From 387907ce9f0d1a72b2a0d8ccd8ac61fdb37c5eb6 Mon Sep 17 00:00:00 2001
From: Blake Kaplan <mrbkap@gmail.com>
Date: Thu, 11 Feb 2010 17:04:42 -0800
Subject: [PATCH] Bug 515496 - Eliminate extra security check when computing
 this. r=jorendorff.

---
 js/src/jsapi.cpp    |  6 ++---
 js/src/jsdbgapi.cpp |  2 +-
 js/src/jsinterp.cpp | 59 ++++++---------------------------------------
 js/src/jsinterp.h   |  6 ++---
 js/src/jstracer.cpp |  4 +--
 5 files changed, 17 insertions(+), 60 deletions(-)

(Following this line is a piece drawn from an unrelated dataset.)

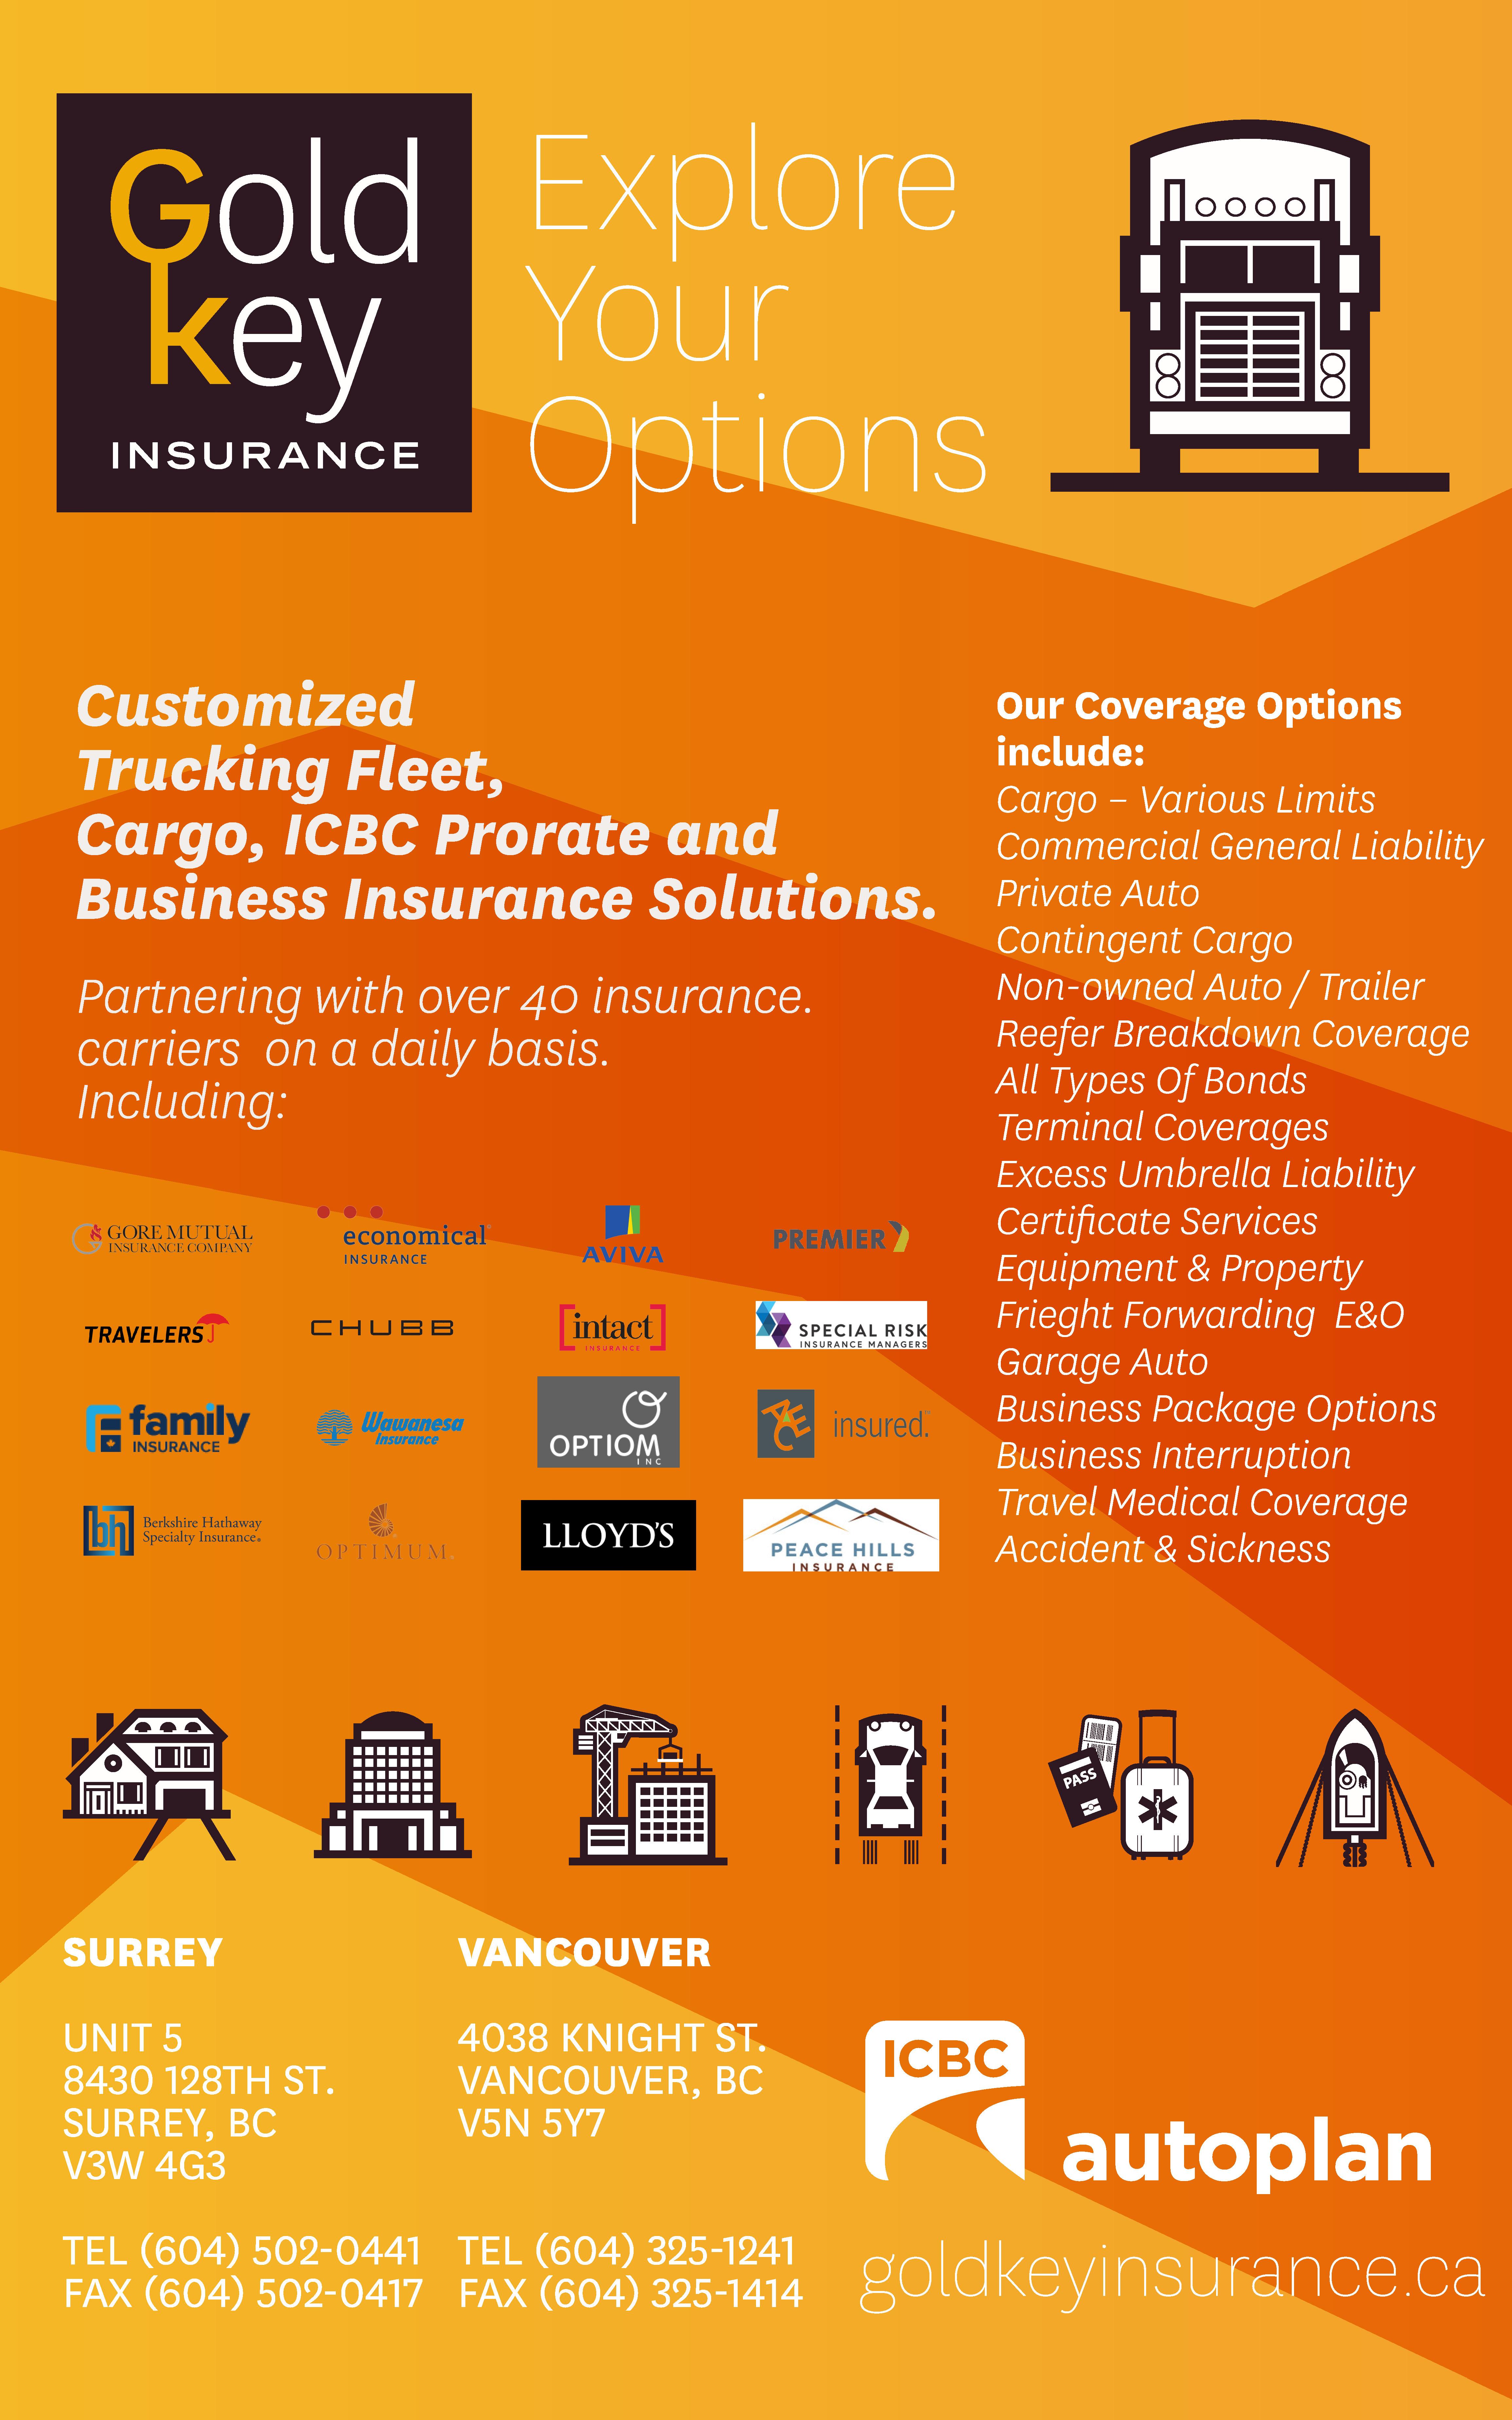 gold-key-insurance-services-ltd-yV1Hsrg.jpeg

diff --git a/js/src/jsapi.cpp b/js/src/jsapi.cpp
index 777b9d59b1e..f906ccf99b8 100644
--- a/js/src/jsapi.cpp
+++ b/js/src/jsapi.cpp
@@ -1693,7 +1693,7 @@ JS_GetGlobalForObject(JSContext *cx, JSObject *obj)
 JS_PUBLIC_API(jsval)
 JS_ComputeThis(JSContext *cx, jsval *vp)
 {
-    if (!js_ComputeThis(cx, JS_FALSE, vp + 2))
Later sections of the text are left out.